Only if you define ||...|| in such a way that you don't get the result above.

>> > Complexity of W is simply ||W||. The corresponding definition in terms of a saturated list of vals v is
>> >
>> > sqrt(det(vi.vj)/C(n, k))
>> >
>> > where C(n, k) = n choose k is the binomial coefficient, where n is the dimension (length) of each val, and k is the number of vals.
<snip>
>> You lose the rule that the badness of a rank 2 temperament must be
>> less than the product of the badnesses of the equal temperaments that
>> make it up, though, don't you?
>
> Do I? It's not clear we are even using a different definition.

We're getting different results. And if you're putting binomials on
the linear algebra side, we're using different definitions.

I do have code doing these wedgie-side. Here's the part that defines
the metric:

sqrt(abs((M^~M).flatten()[0])/ self.dimension**self.rank)

It could be shortened to

sqrt(||M||/d**r)

where ||M|| is the usual Euclidean measure of the multivector, with an
implied sum, d is the number of primes, and r is the rank.

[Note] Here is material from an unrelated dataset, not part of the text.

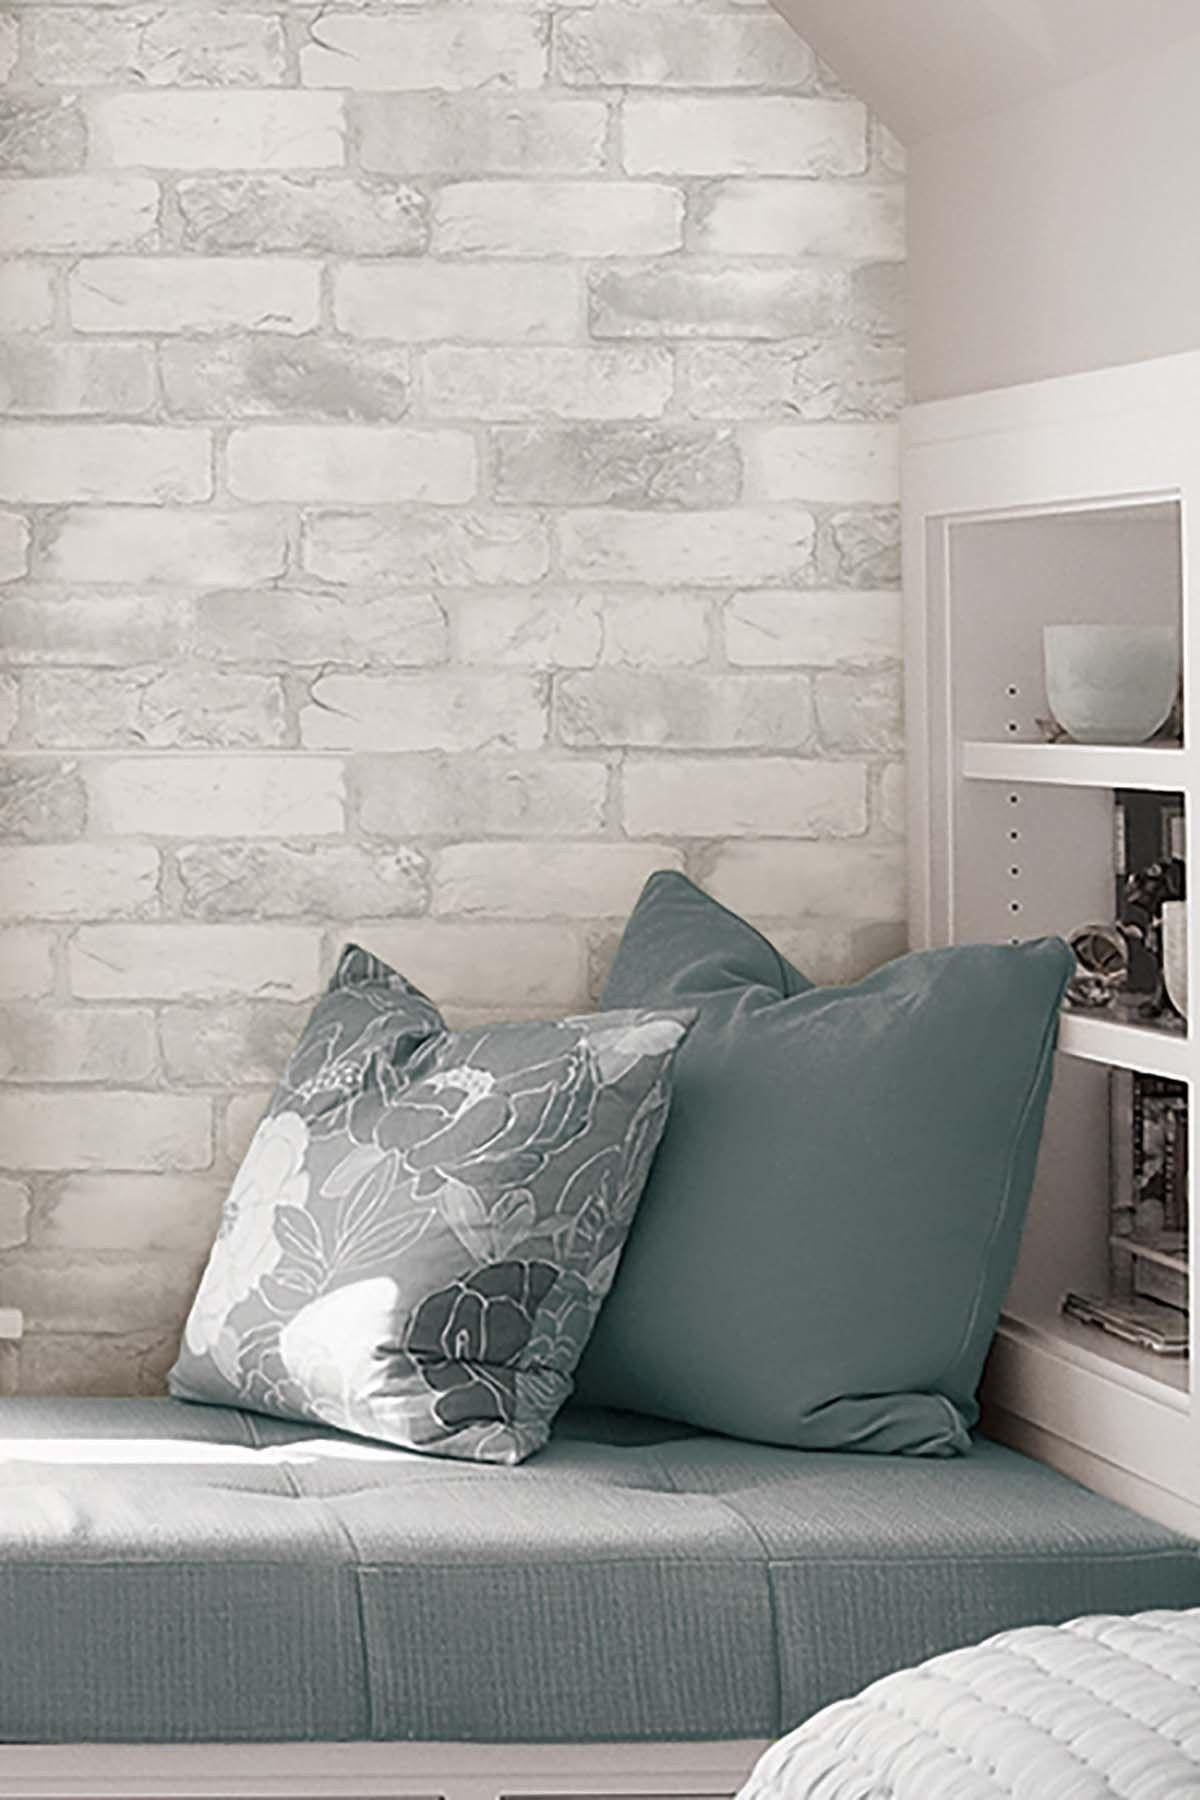 Wallpops Loft White Brick Peel Stick Wallpaper Hautelook In 2021 Brick Wallpaper Bedroom Brick Wall Bedroom Faux Brick Walls

I forget how rigorously I tested that with different ranks. It's
clearly only defined for Tenney weighting.

Graham

--- In tuning-math@yahoogroups.com, Graham Breed <gbreed@...> wrote:

> It could be shortened to
>
> sqrt(||M||/d**r)
>
> where ||M|| is the usual Euclidean measure of the multivector, with an
> implied sum, d is the number of primes, and r is the rank.

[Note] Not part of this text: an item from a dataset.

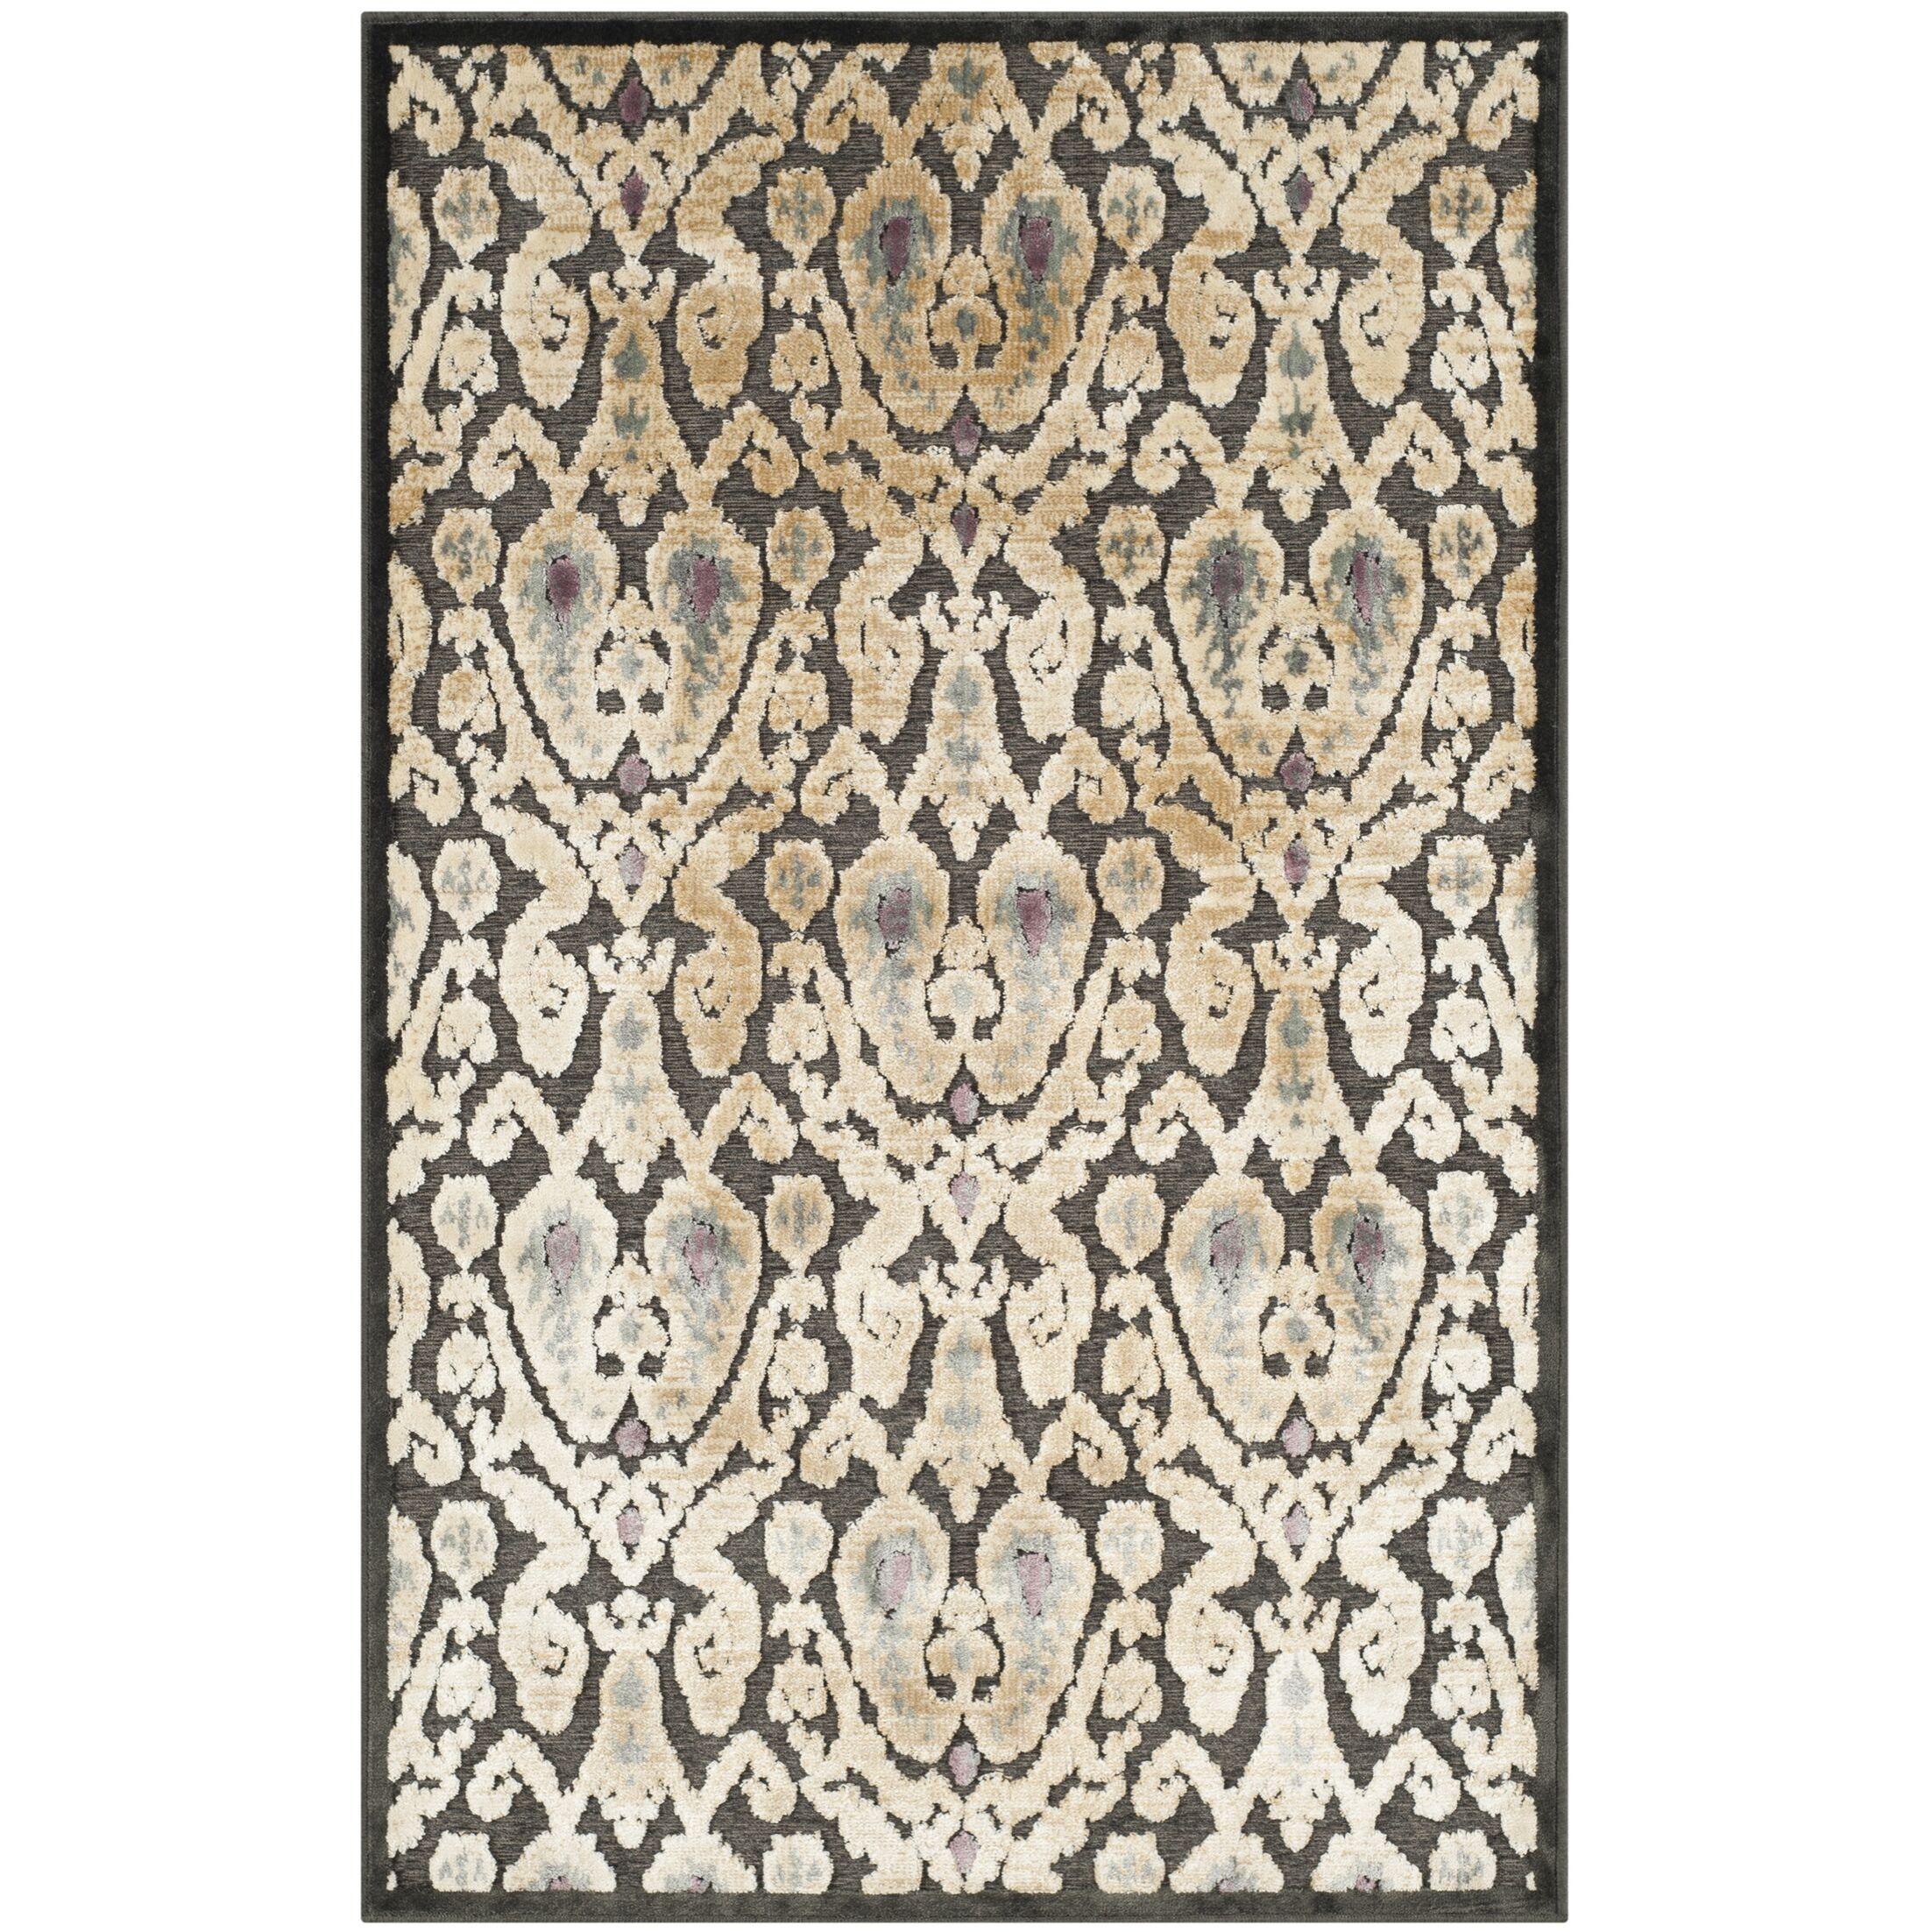 Saint-Michel Black/Gray Rug Size: Rectangle 4' x 5'7

Two different degree r polynomials in d as the weight: I use
d choose r, and you use d**r. The justification for doing it my way is that complexity is the rms average size of the coefficients of M. What's your reasoning?

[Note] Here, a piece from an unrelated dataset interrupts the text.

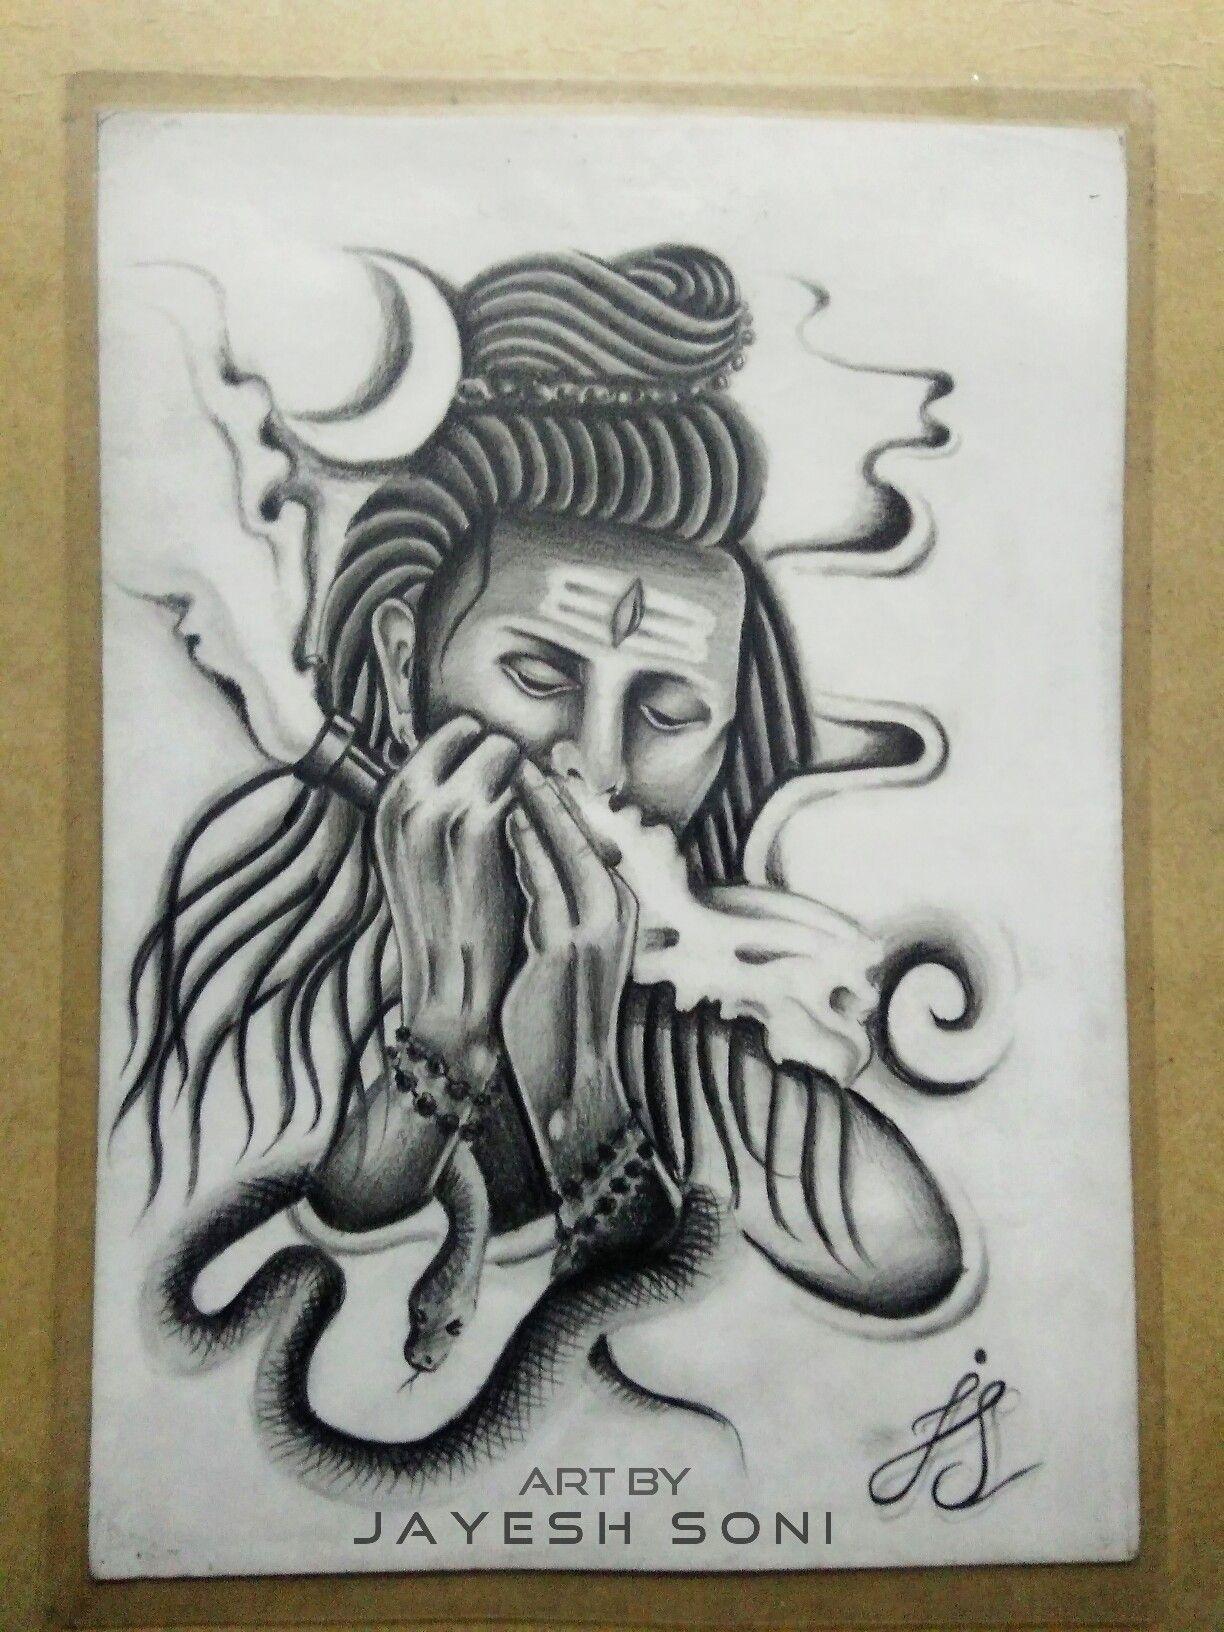 Work 2014 tittle smoking shiva medium pencil drawing art by jayesh soni 😊 hope you all like this 😊 shiva smoke smoking snake moon art artwork

On 15 July 2010 02:08, genewardsmith <genewardsmith@sbcglobal.net> wrote:
>
>
> --- In tuning-math@yahoogroups.com, Graham Breed <gbreed@...> wrote:
>
>> It could be shortened to
>>
>> sqrt(||M||/d**r)
>>
>> where ||M|| is the usual Euclidean measure of the multivector, with an
>> implied sum, d is the number of primes, and r is the rank.
>
> Two different degree r polynomials in d as the weight: I use
> d choose r, and you use d**r. The justification for doing it my way is that complexity is the rms average size of the coefficients of M. What's your reasoning?

It should give the right geometry in the inner product space. The
complexity of a val is its length (or distance from the origin). The
complexity of a rank 2 temperament is the area of a parallelogram
described by two of its vals without contorsion. And so on. That
should also mean you get the same result if you divide through by d as
part of the weighting, and then use the standard Euclidean metric.

It's also set so that the scalar complexity approximates the STD
complexity, or vice versa. This is the RMS equivalent of the range
complexity (or Kees-max complexity) which is in turn the TOP
equivalent of the old odd-limit complexity. It's the average
complexity of an interval in terms of generators divided by the
complexity of the ratio it approximates. So the **r comes in because
you do a sum over r coefficients when you calculate the wedge
products.

Graham